Вот еще новинка – эта еще не успела устареть: продукт секты «Rоsе Сrоiх»[41]. Да, Варшава ближе к Парижу. Хотя подписано, что это взято из какой-то сказки, но это детище прихода Пеладана[42]. Как в большинстве починов, здесь искусство детское, но что-то притягивает к этому фосфорически-бледному профилю, светящемуся своим светом. Очаровывает эта непонятная загадка в царственном венце на глубоком фоне ночи – и наивно и трогательно… Тут есть поэзия, а это и есть бессмертная душа искусства.

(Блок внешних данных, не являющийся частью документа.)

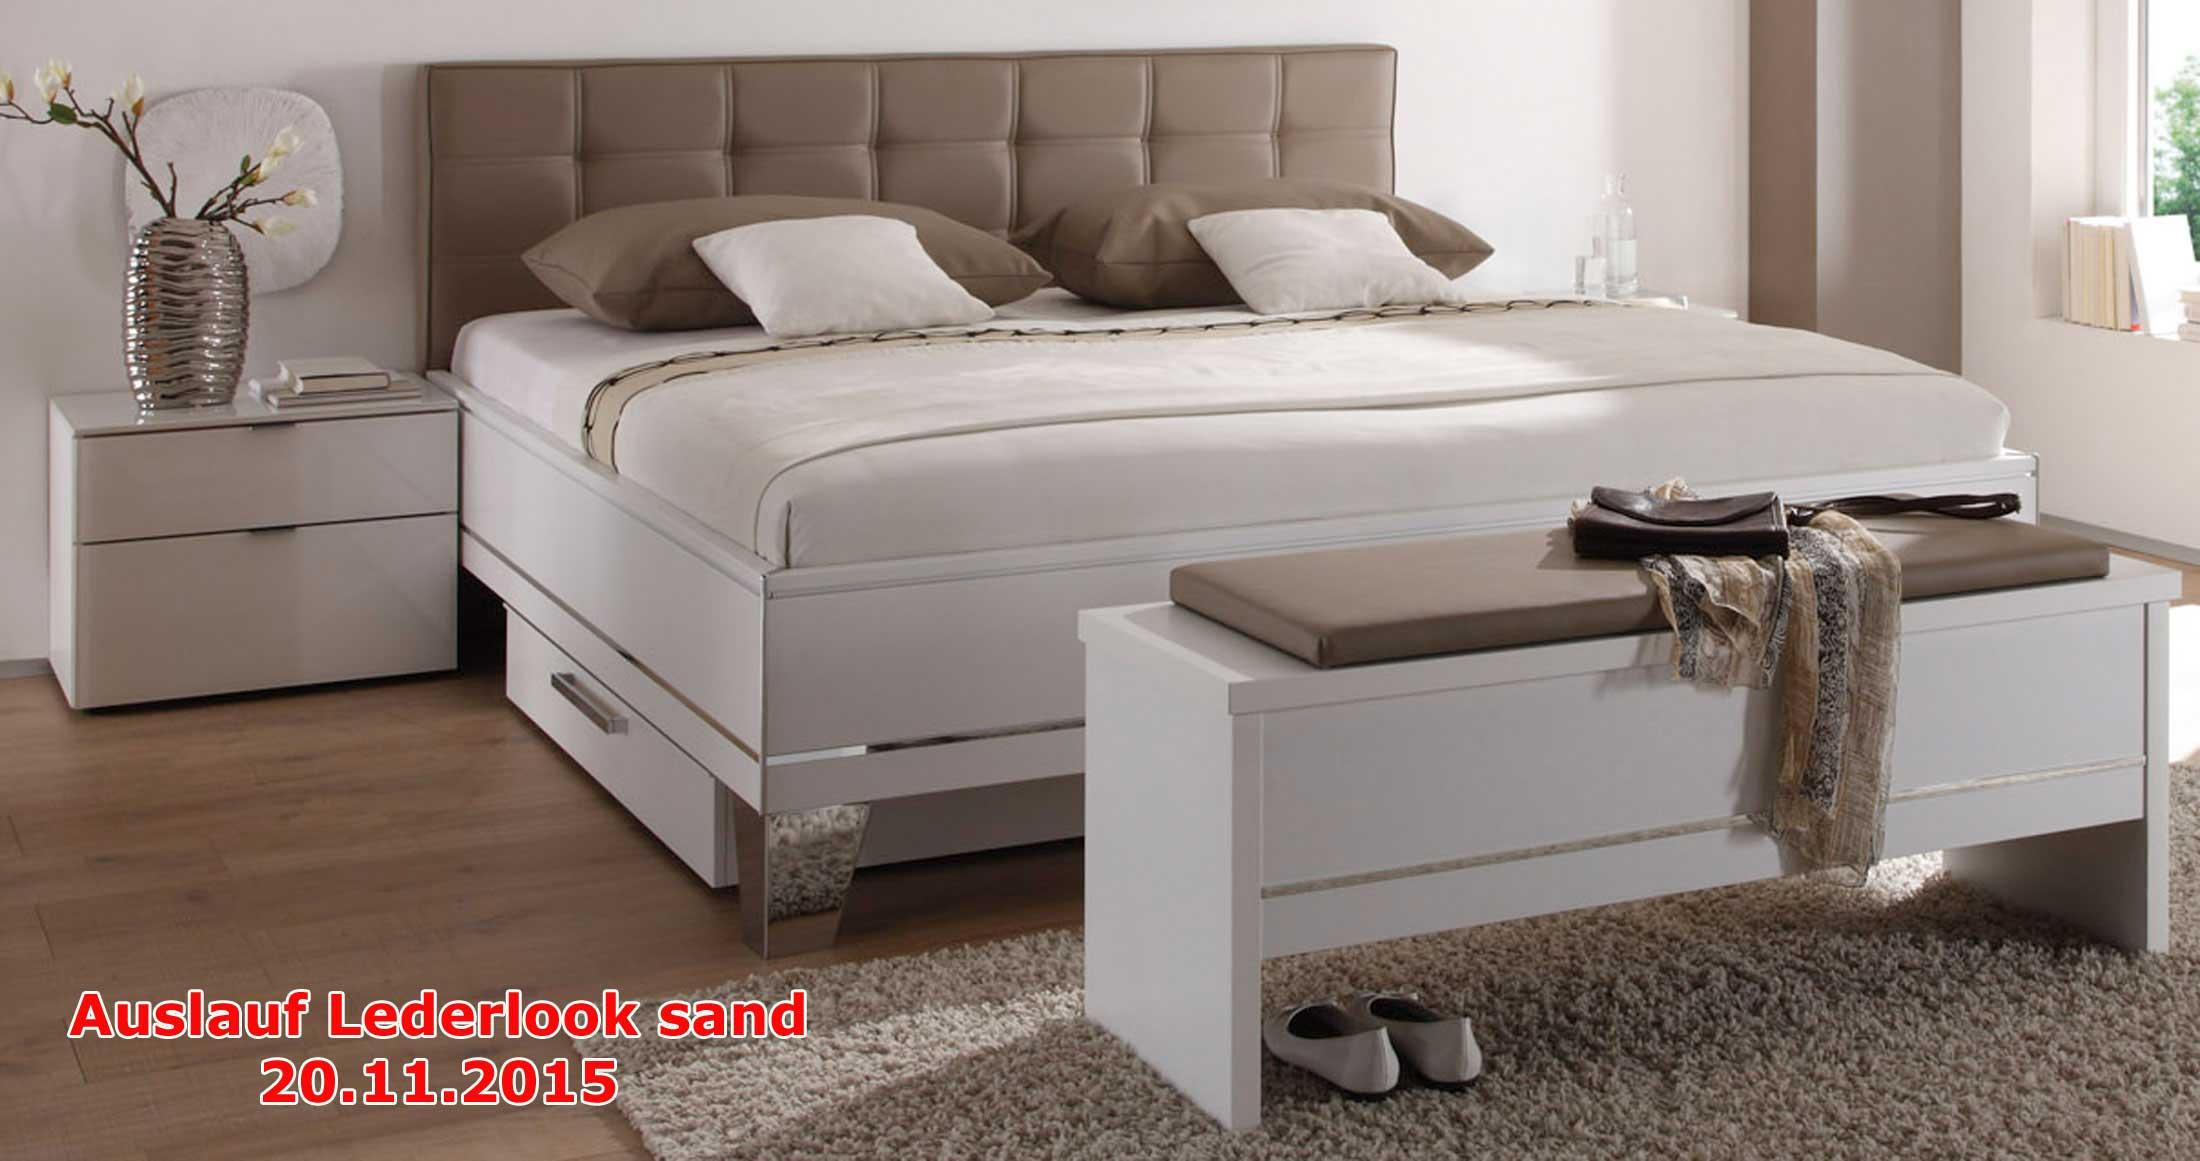 Full Size of Bett Komforthöhe Schlafzimmer 200x200 Ebay 180x200 Mit Lattenrost Und Matratze Designer Betten Weißes 140x200 Weiß Boxspring Hohes Kopfteil Ausziehbares Bett Bett Komforthöhe

Дописываю письмо в Кракове.

23 октября 1893 г., Краков

Письмо второе

Сегодня утром, дописывая письмо вам, я все думал о Матейко. Еще в Петербурге я решил заехать в Краков посмотреть этого несокрушимого энтузиаста-поляка и, буде возможно, написать с него портрет. Двадцать лет назад, на венской выставке, картины его произвели на меня глубоко потрясающее впечатление. Трагическая «Проповедь Скарги», величавая «Люблинская уния» и сейчас точно стоят у меня перед глазами. Не забыть ни этих коленопреклоненных фигур, облаченных в черное на алом фоне, ни простертых рук кардинала в красных перчатках. Хартия, ветхие книги, величавые магнаты, прелаты – все это живописно перепутывалось в своей особой атмосфере, волновало и увлекало зрителя. А вдохновенный Скарга!..[43]

Прежде всего к нему, к Матейко… «Что-то увижу я теперь?» – думал я, поспешая в одиннадцать часов на улицу.

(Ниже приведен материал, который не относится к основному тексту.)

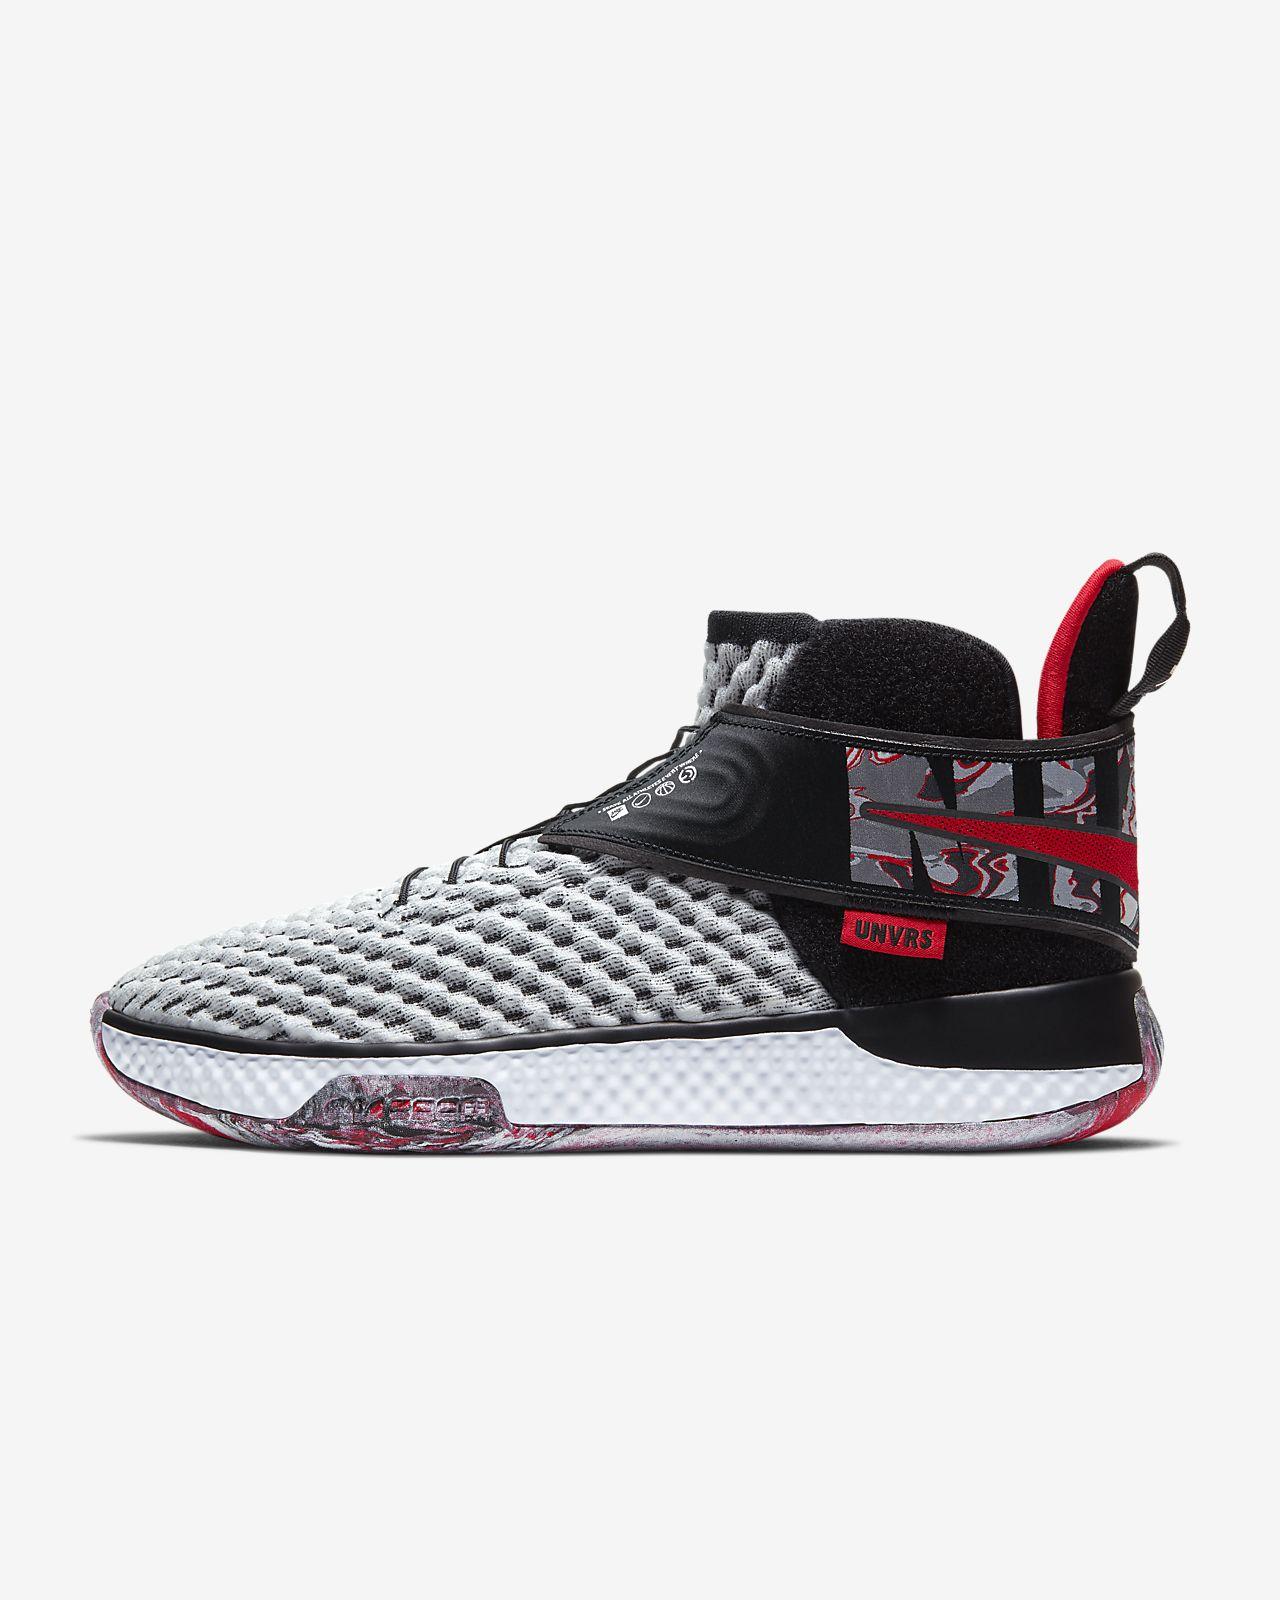 Sapatilhas de basquetebol Nike Air Zoom UNVRS FlyEase

Как живописен Краков! Сколько тут превосходной готики перед моими глазами! Целый базар славянских типов в барашковых шапках, в кобеняках[44] с видлогами [капюшонами]; женщины повязаны, как хохлушки. Красные обшлага на синих мундирах, ясные гудзики[45], белые кафтаны с широкими поясами, расшитые, расквиткованные, переносят меня во времена казаков гетманщины…

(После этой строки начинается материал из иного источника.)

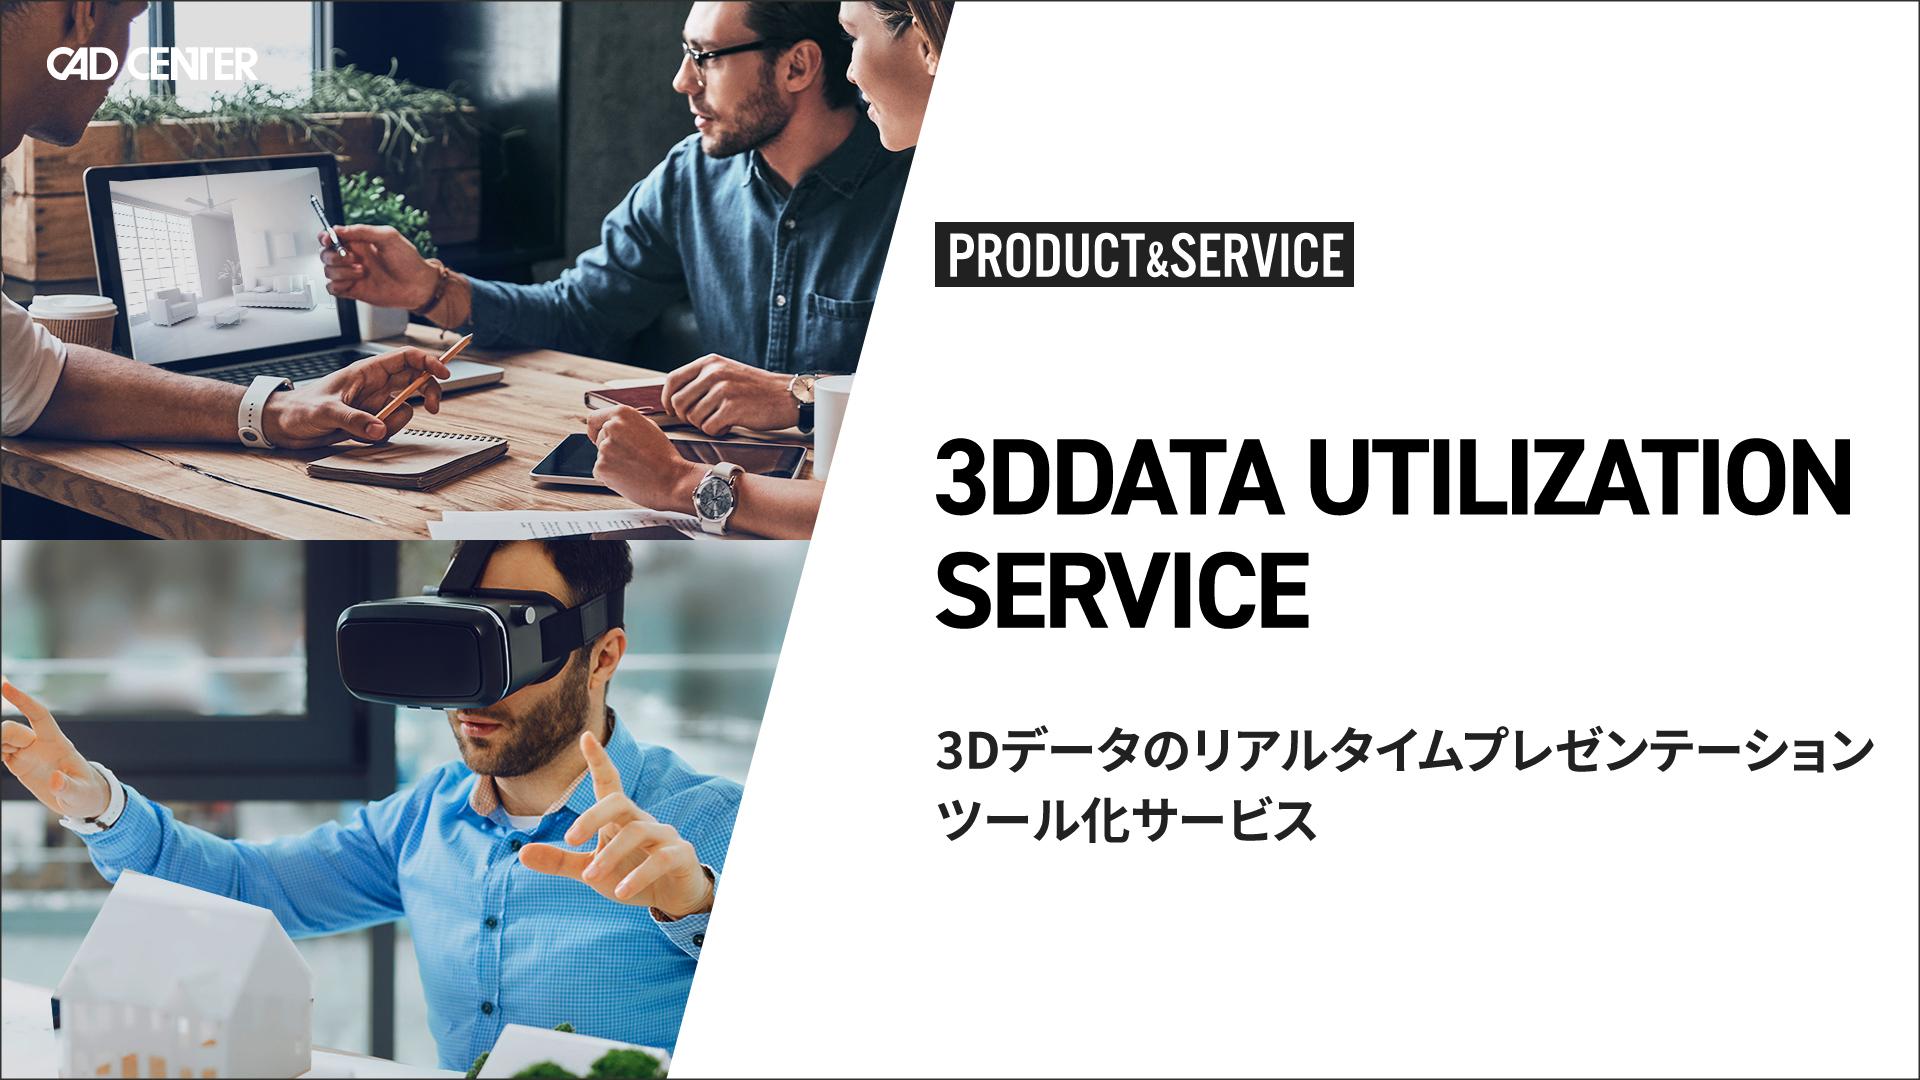 BIMデータをより汎用的かつハイクオリティな3Dデータに変換し、各種3Dコンテンツとして提供するサービスです。

Но что это там вверху, над куполом какого-то грандиозного здания? Что за страшное, черное, колоссальное знамя из флера? Как оно величаво волнуется на сером, безотрадном небе!.. Жутко даже. Я отвернулся к великолепному старому готическому собору и подошел к нему. У дверей его еще издали мне бросилась в глаза огромная траурная афиша с черным крестом… Я глазам не верил – ясно можно было прочитать: «Jan Matejko». Он умер вчера, в три часа пополудни. Все после этого мне показалось в трауре, начиная с погоды. Заморосил дождик, надвинулась туча, и, когда проглядывало временами солнце, оно только блестело в лужах и скользило по контурам черных фигур пешеходов, оно только оттеняло всеобщий траур города. Вот еще колышется черное знамя – подъезд Академии наук. А там, через улицу, опять повис черный креп, еще и еще.

Я стал расспрашивать о квартире великого польского художника. На Флорианской улице указали на огромный черный флер у подъезда. Здесь мне сказали, что бальзамируют тело и никого не пускают. У дверей стояла куча народа, подходили и уходили люди артистического вида. Я направился в музей.

На лучших местах, в самой середине продольных залов народного музея, в великолепных золотых иконостасах с гербами и грифонами воздвигнуты четыре его колоссальные картины. Перед двумя лежали огромные свежие лавровые венки с большими широчайшими лентами и с надписями, обернутые черным флером, и перед рамами на полу и на рамах они давали мрачные, но живописные пятна…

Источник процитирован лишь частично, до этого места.